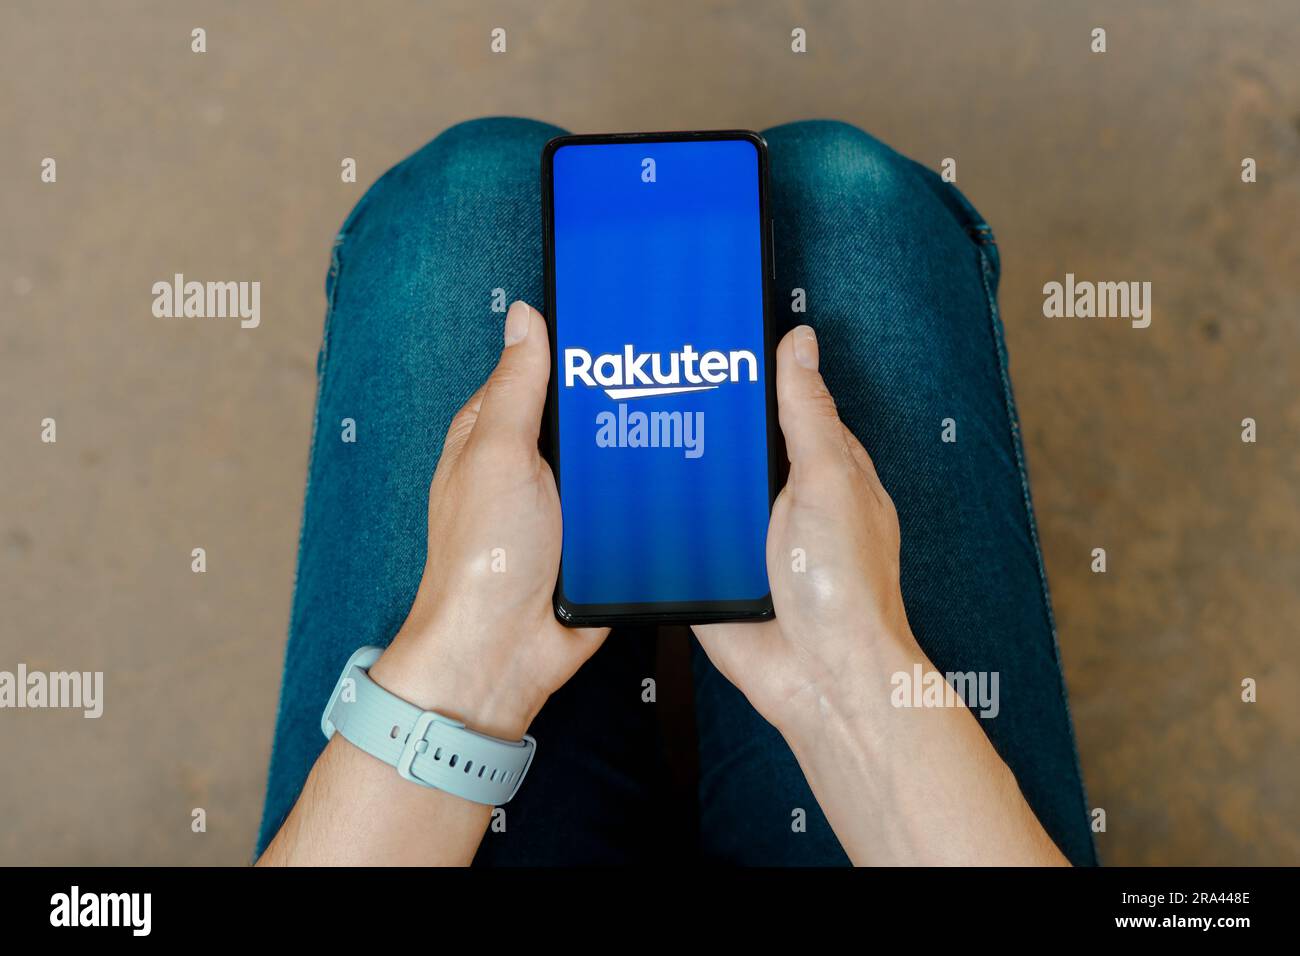 In questa immagine, il logo Rakuten viene visualizzato sullo schermo di uno smartphone. Foto Stock
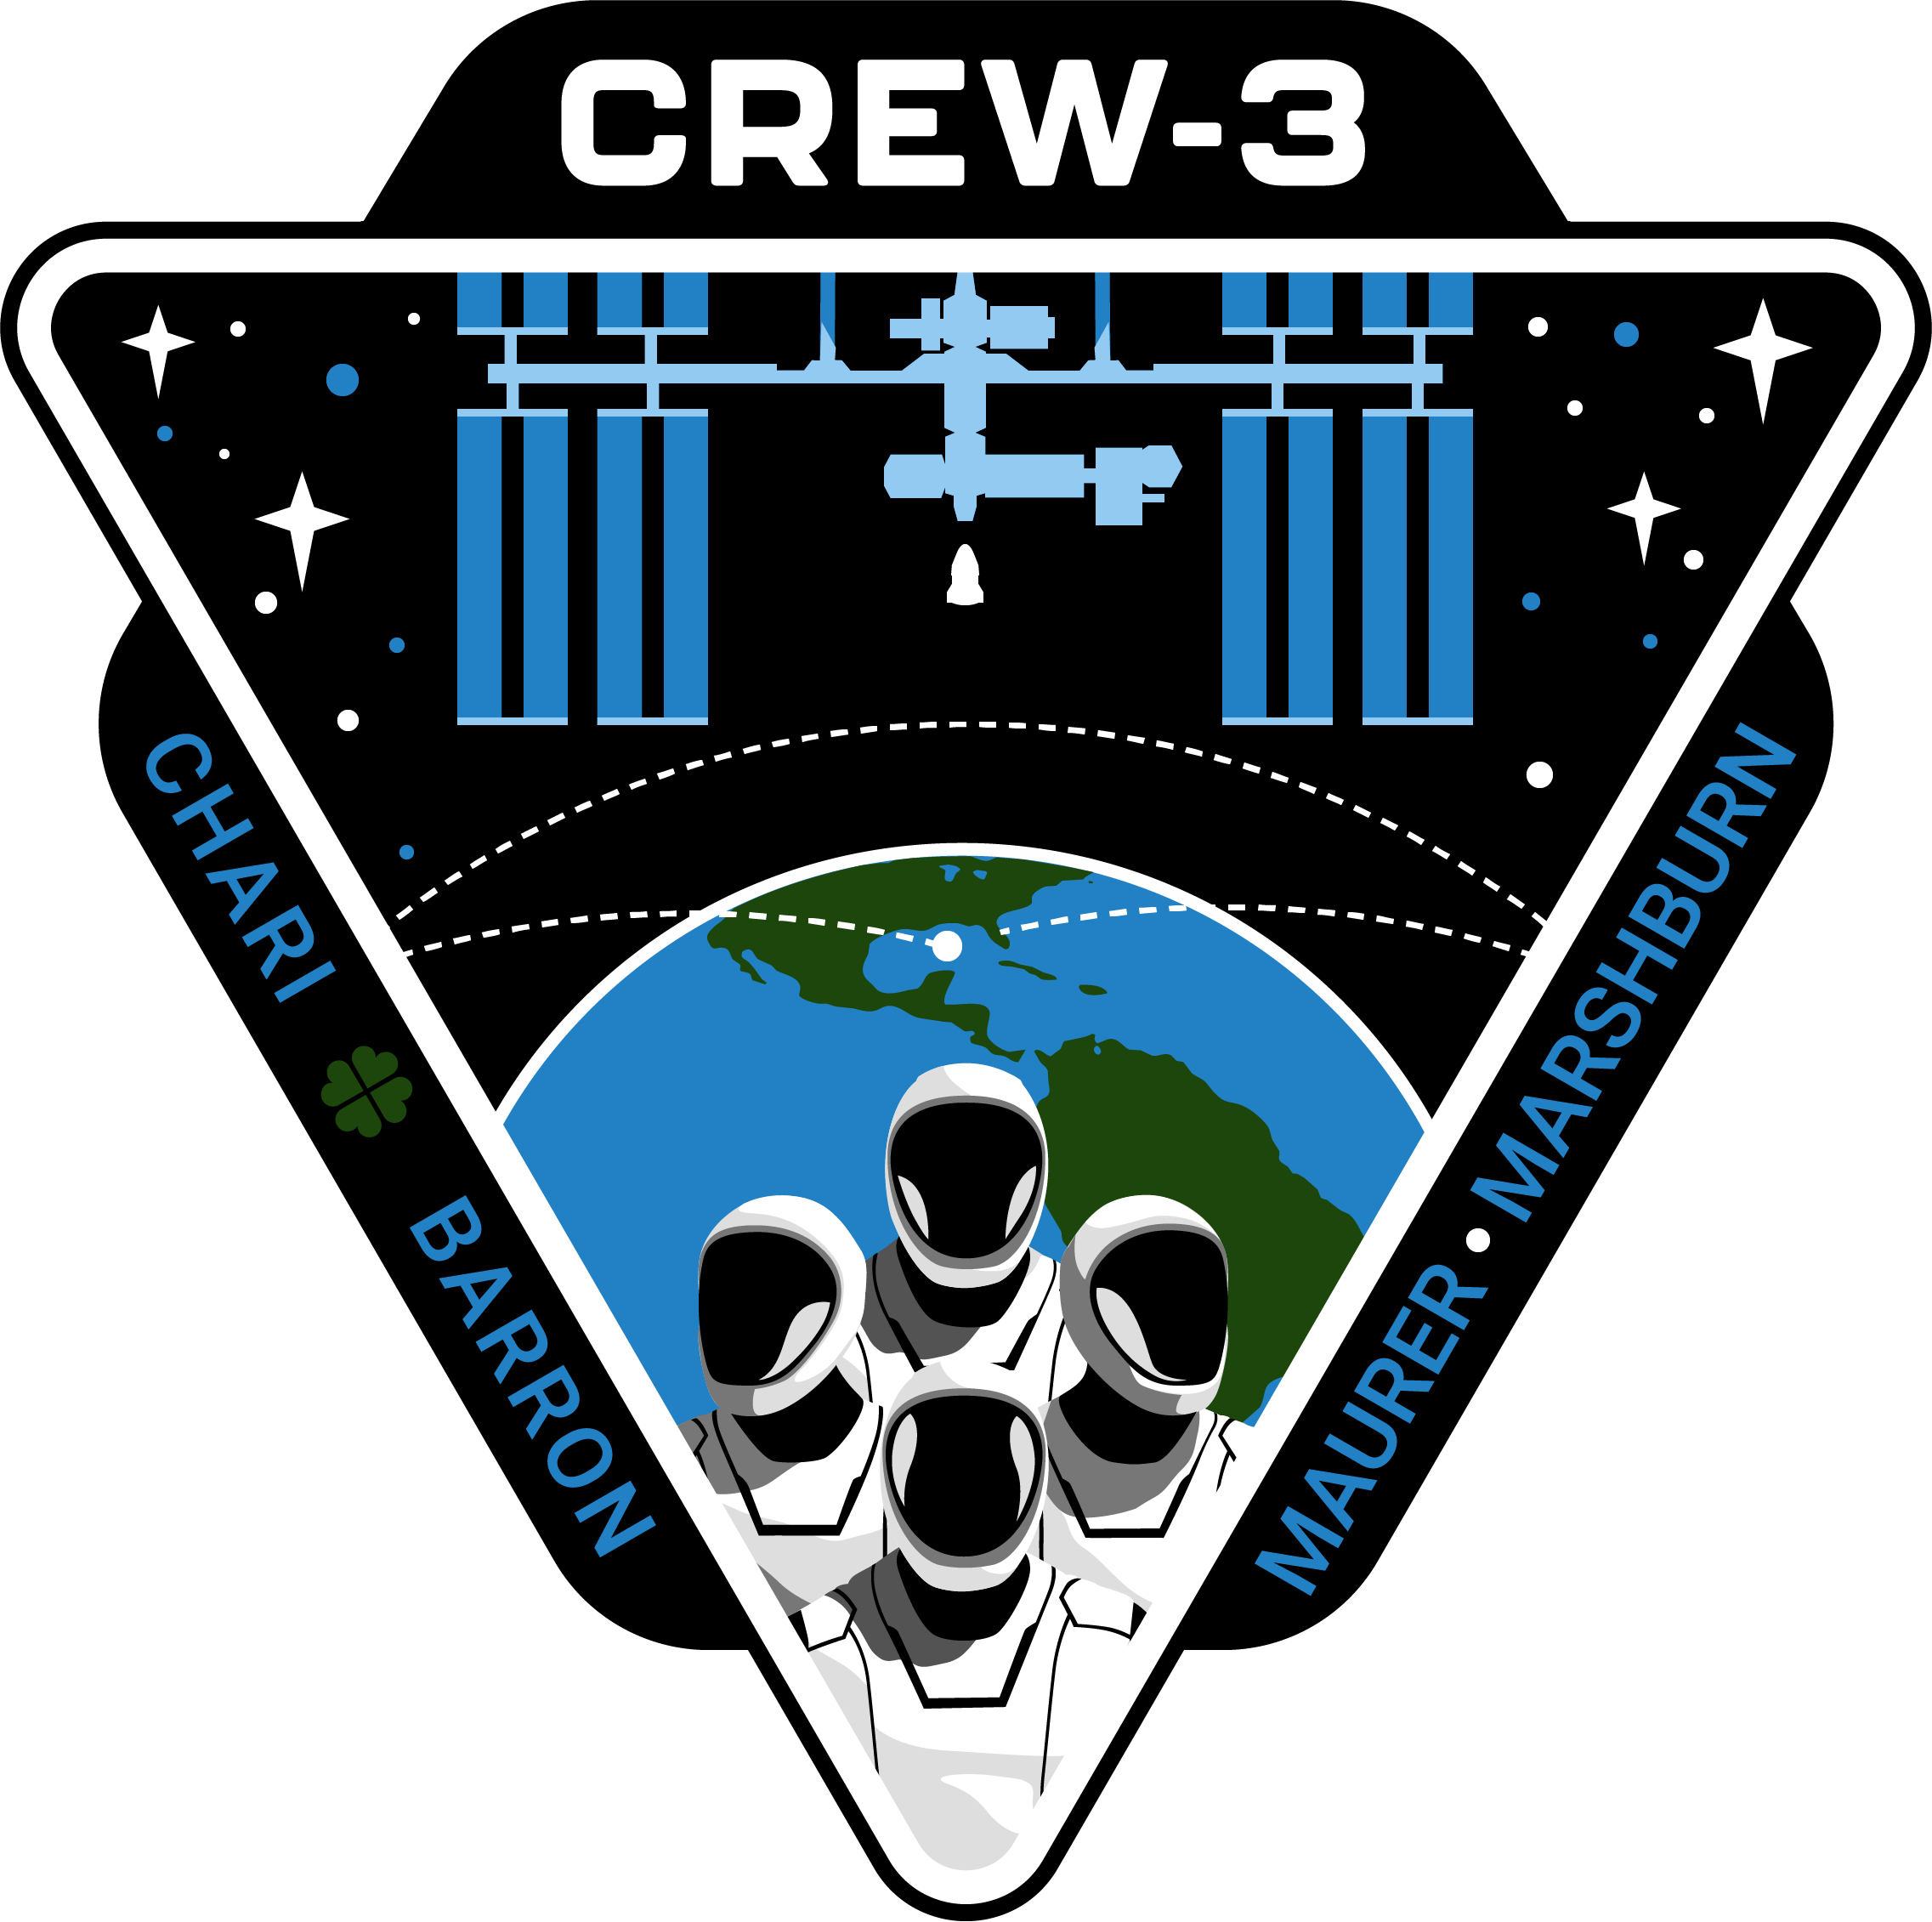 Crew-3
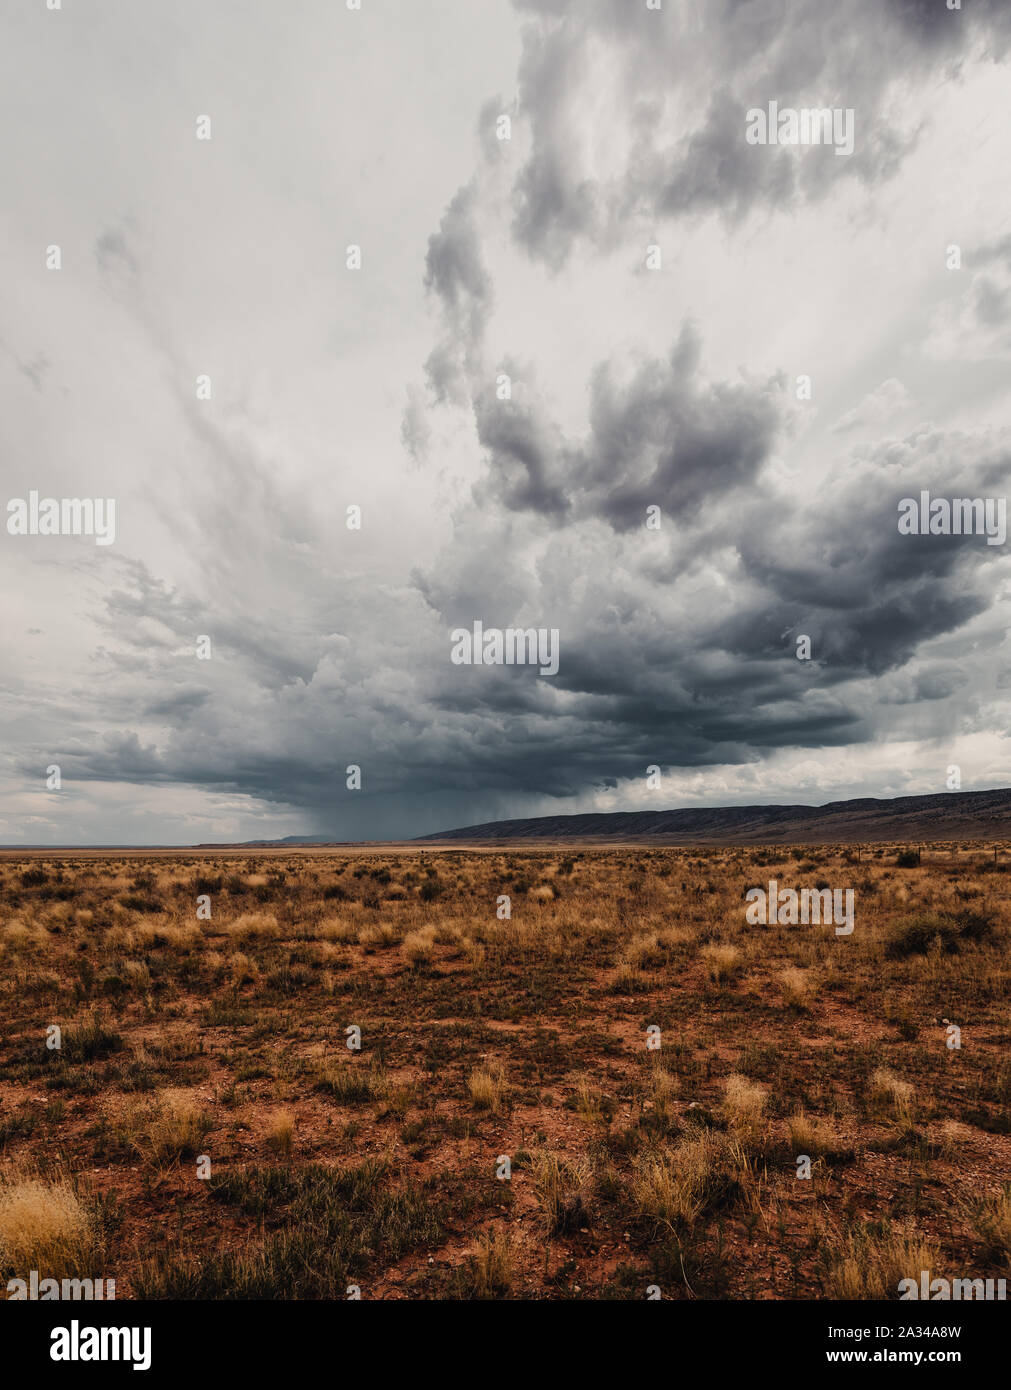 Thuderstorm au désert de l'Arizona Banque D'Images
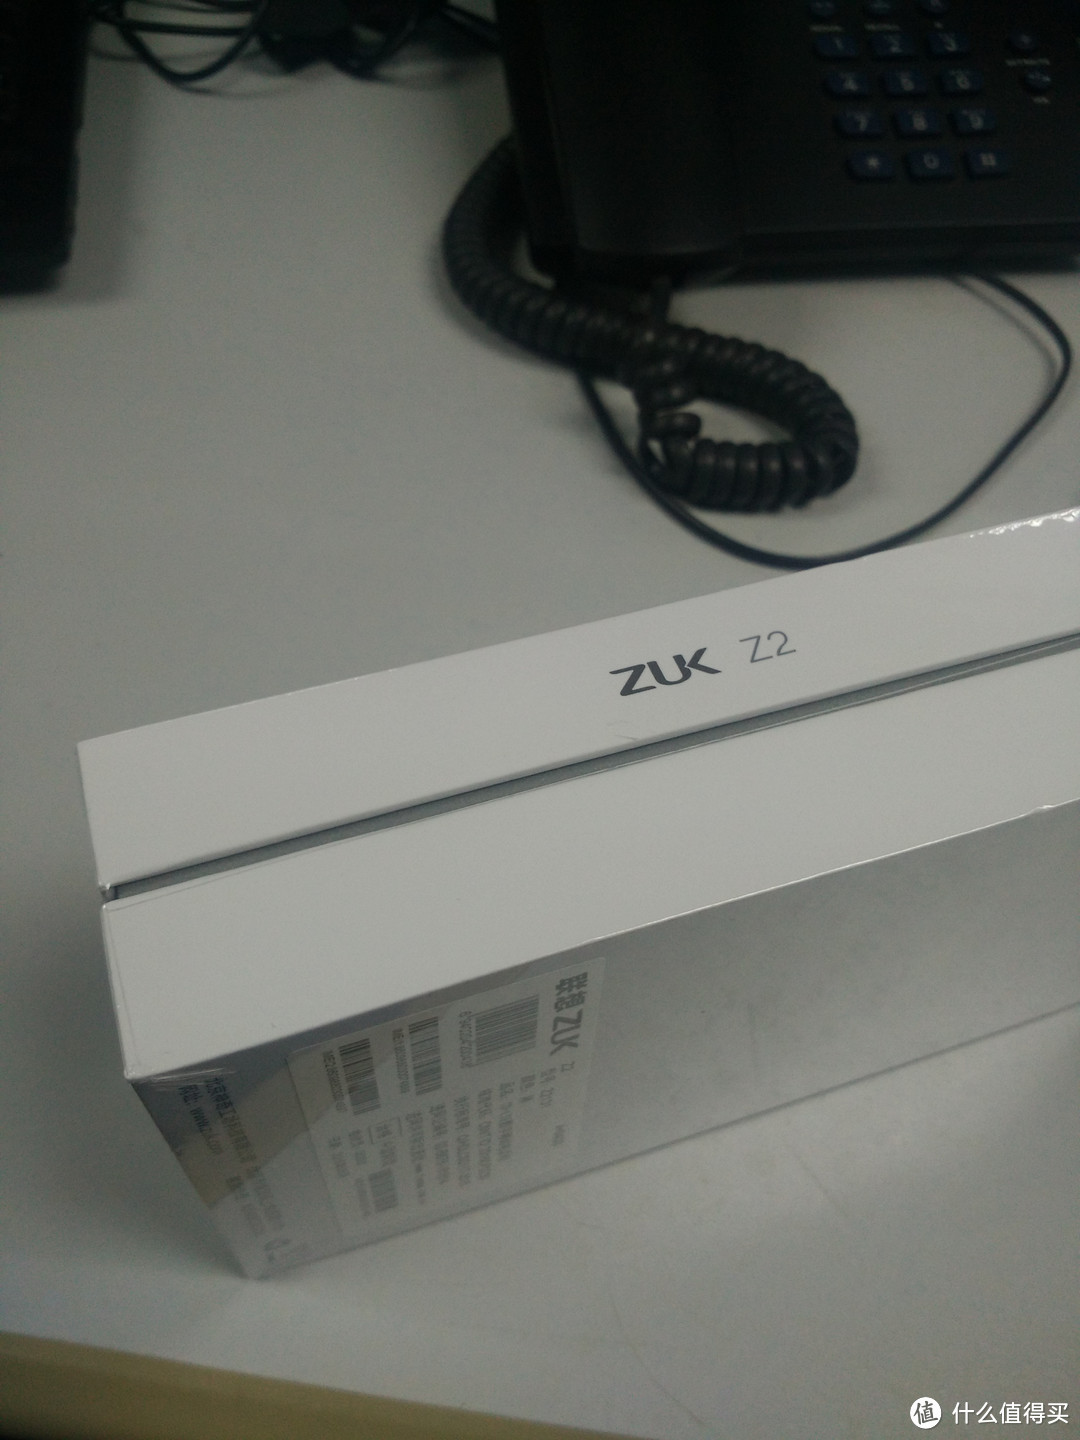 联想 ZUK Z2 手机开箱

══════════

> _Assigned task_
Each line above has to be returned exactly. Drop the pictures.

> _Solution to this task_
 In questa immagine, il logo Rakuten viene visualizzato sullo schermo di uno smartphone. Foto Stock
 Crew-3
 Thuderstorm au désert de l'Arizona Banque D'Images
 联想 ZUK Z2 手机开箱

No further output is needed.